How does supervectoring 35b work?

Supervectoring 35b enables DSL packages with speeds of up to 300 Mbit/s. But what lies behind this supervectoring and what does the 35b stand for?

A new DSL standard

○35b supervectoring is a further development of the VDSL standard. Alternative terms for it are VDSL Annex Q, Vectoring, and V Plus. The guide article about the DSL connection type includes a chronological list of the most important DSL standards and some general information on supervectoring.

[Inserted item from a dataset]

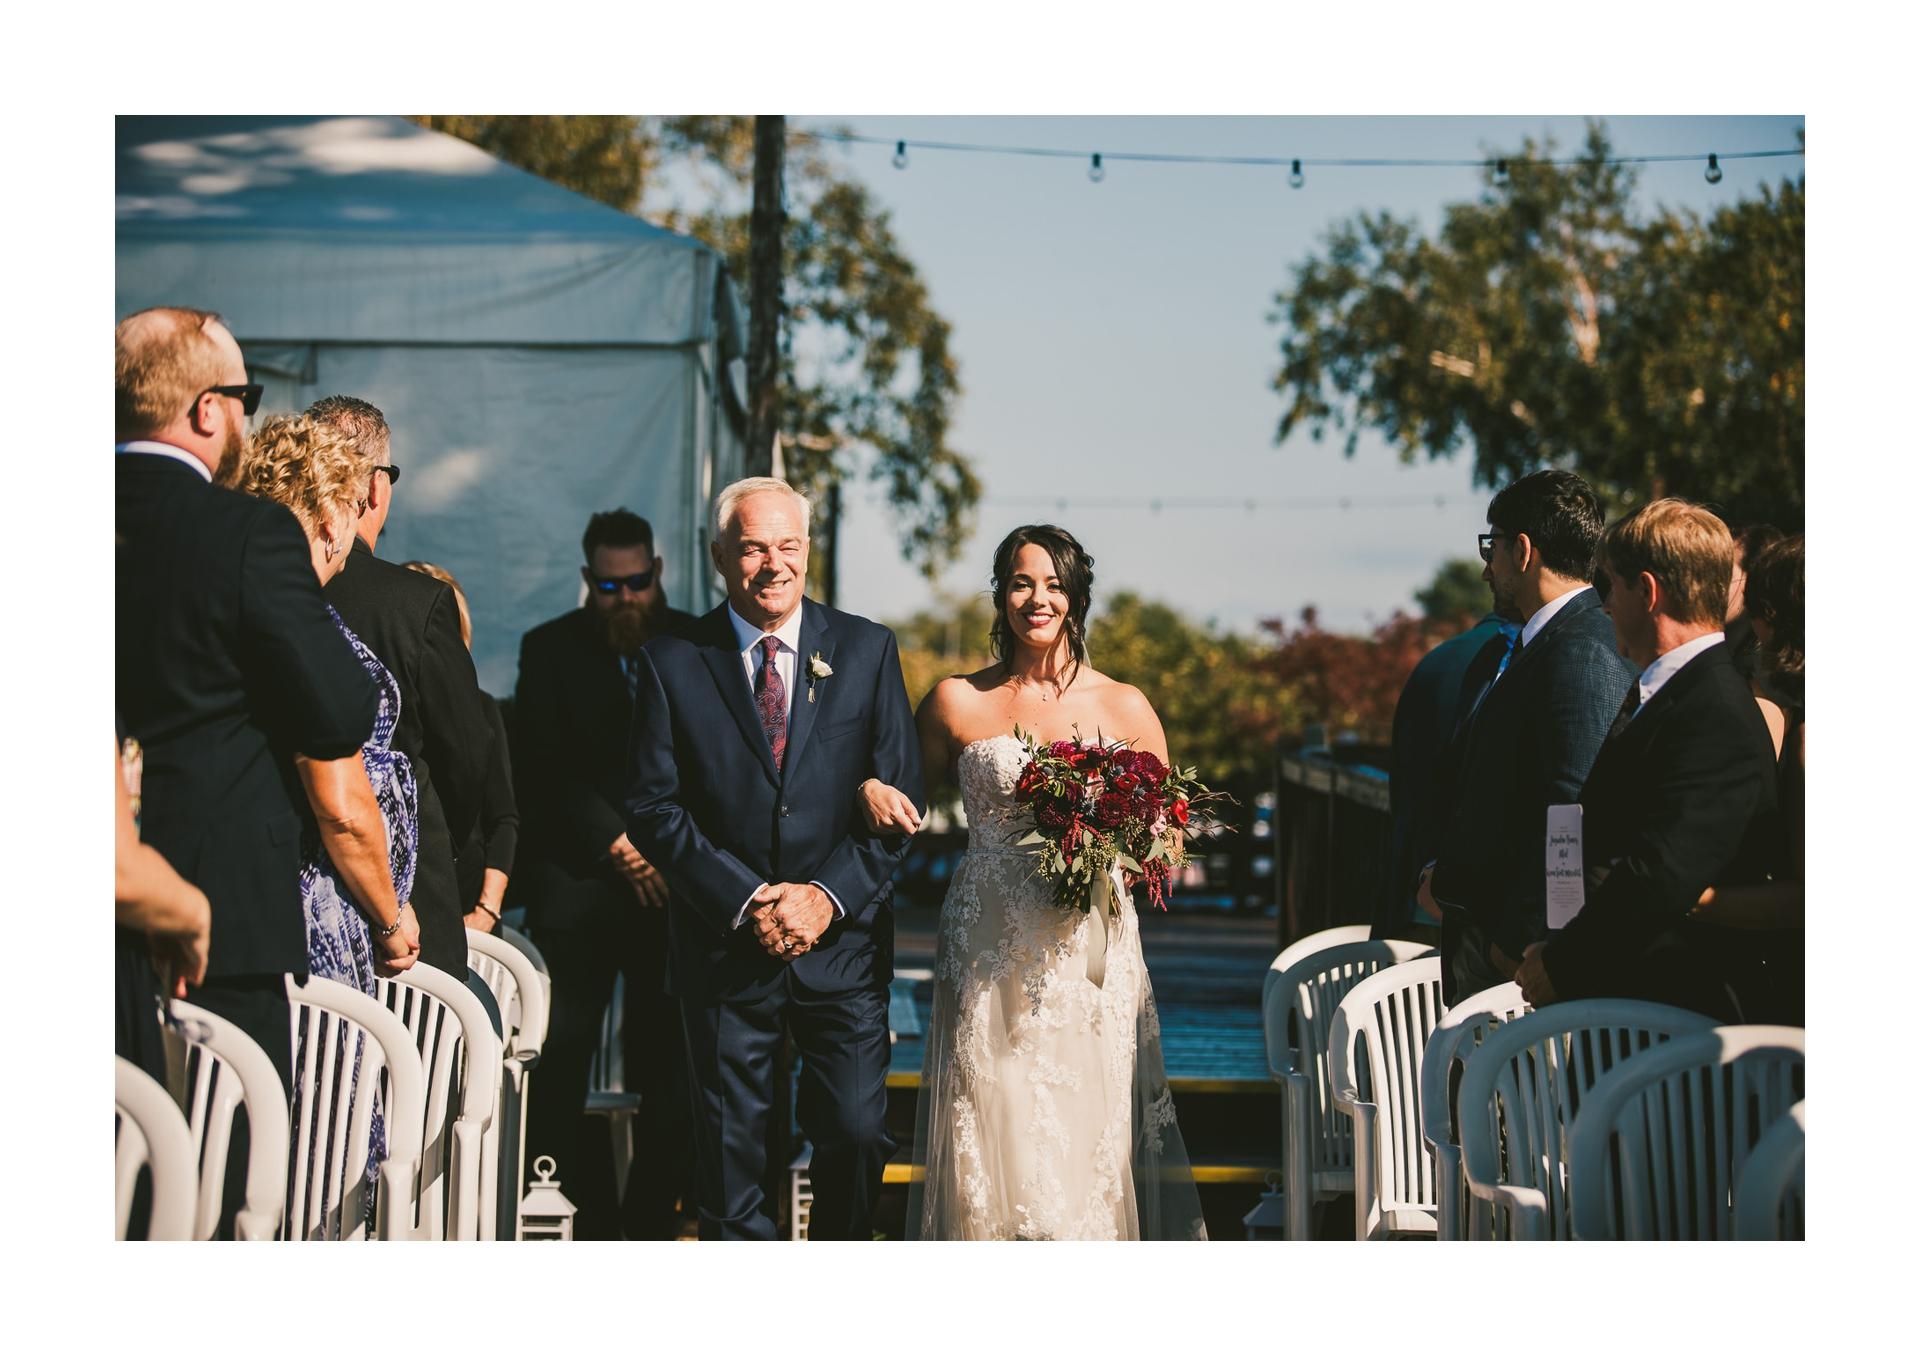 Catawba Island Club Wedding Photographer in Port Clinton 57.jpg
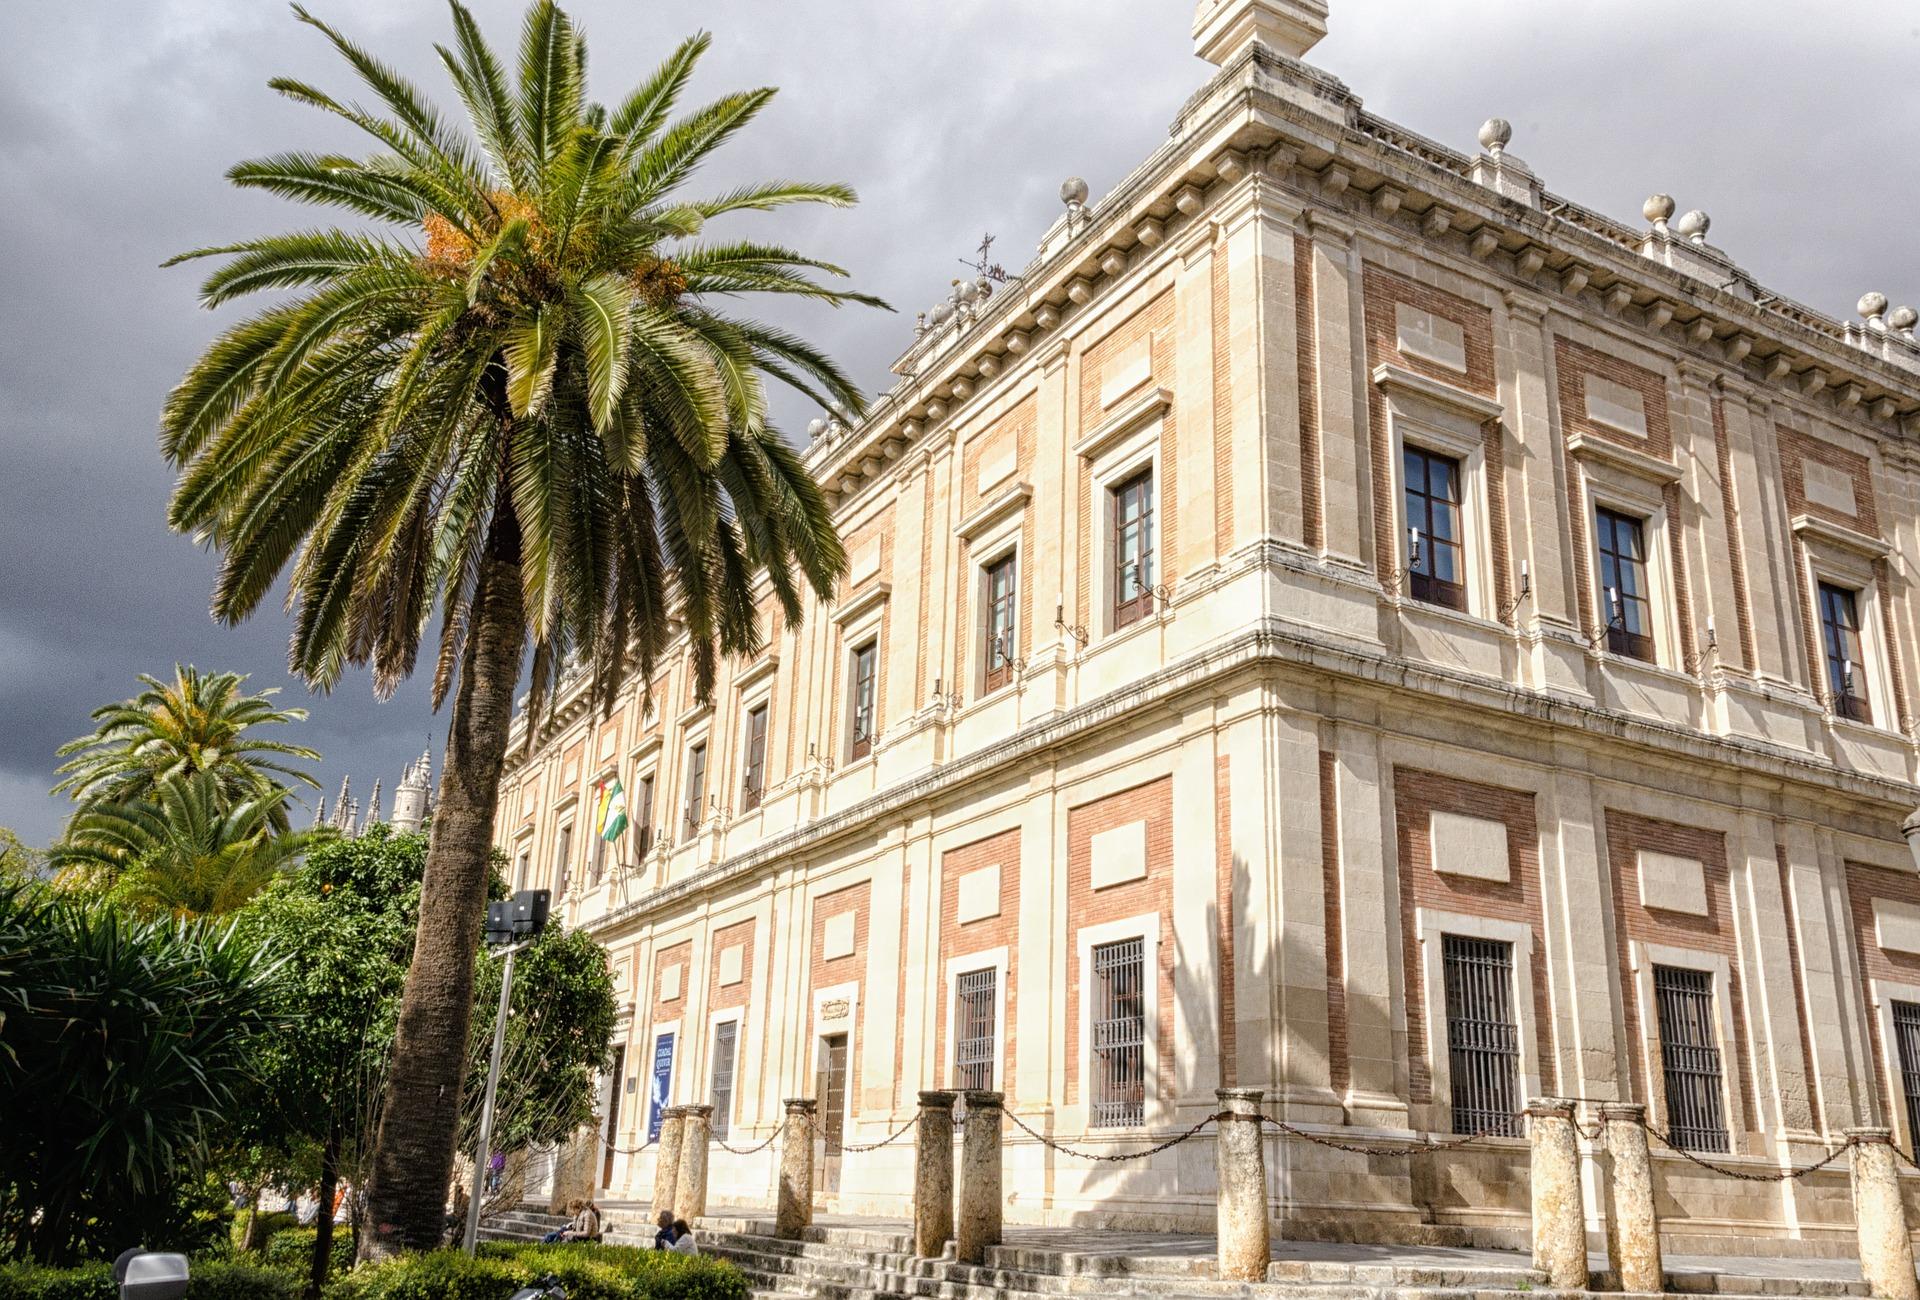 XVI. mendeko Sevillako esklaboen salerosketan euskaldunek izan zuten parte hartzea ikertu du Javier Ortiz Arzak

So far these DSL profiles are used: 8a, 8b, 12a, 12b, 17a, 17b and 30a, with 17a the one used most by providers. These designations are defined by the frequency range used (0-8 MHz for the profiles starting with 8, 17 MHz for the one starting with 17, and so on). The fact that this technology is built on existing DSL architecture is a great advantage for network providers. So most of the data transmission can continue on the copper cable network. Only the distribution stations, known as DSLAMs (Digital Subscriber Line Access Multiplexer), need to be updated. From a single DSLAM source, network providers can offer v35 in parallel to ADSL, ADSL+, VDSL2 (for example DTAG 50 Mbit/s) and existing vectoring technology (100/40 Mbit/s). This allows for speeds of up to 300 Mbit/s over a short distance (up to 300 m to the DSLAM).

Download up to 300 Mbit/s

All forms of DSL require participants in a cable bundle to share bandwidth. The more people in a cable bundle who are supposed to receive high data rates at the same time, the less the bandwidth available for each user. A solution is known as ‘vectoring’. It reduces the mutual interference of adjacent copper twin wires within a cable. This procedure requires high processing power from the DSLAMs, since the system has to calculate the interference on every single copper twin wire in a bundle. During the process two signals are sent to the respective twin wire; the actual message signal and a counter signal, which is generated by the calculated interference. This practically eliminates interference signals caused by crosstalk. While this doesn't increase the speed of connections, it does allow a number of fast connections to be in the same cable bundle concurrently. This way a solid 100 Mbit/s can be achieved.

Supervectoring is the next step, using more frequency spectra than ever, to make even greater bandwidths and the latest vectoring technologies possible (300 Mbit/s download, 50 Mbit/s upload).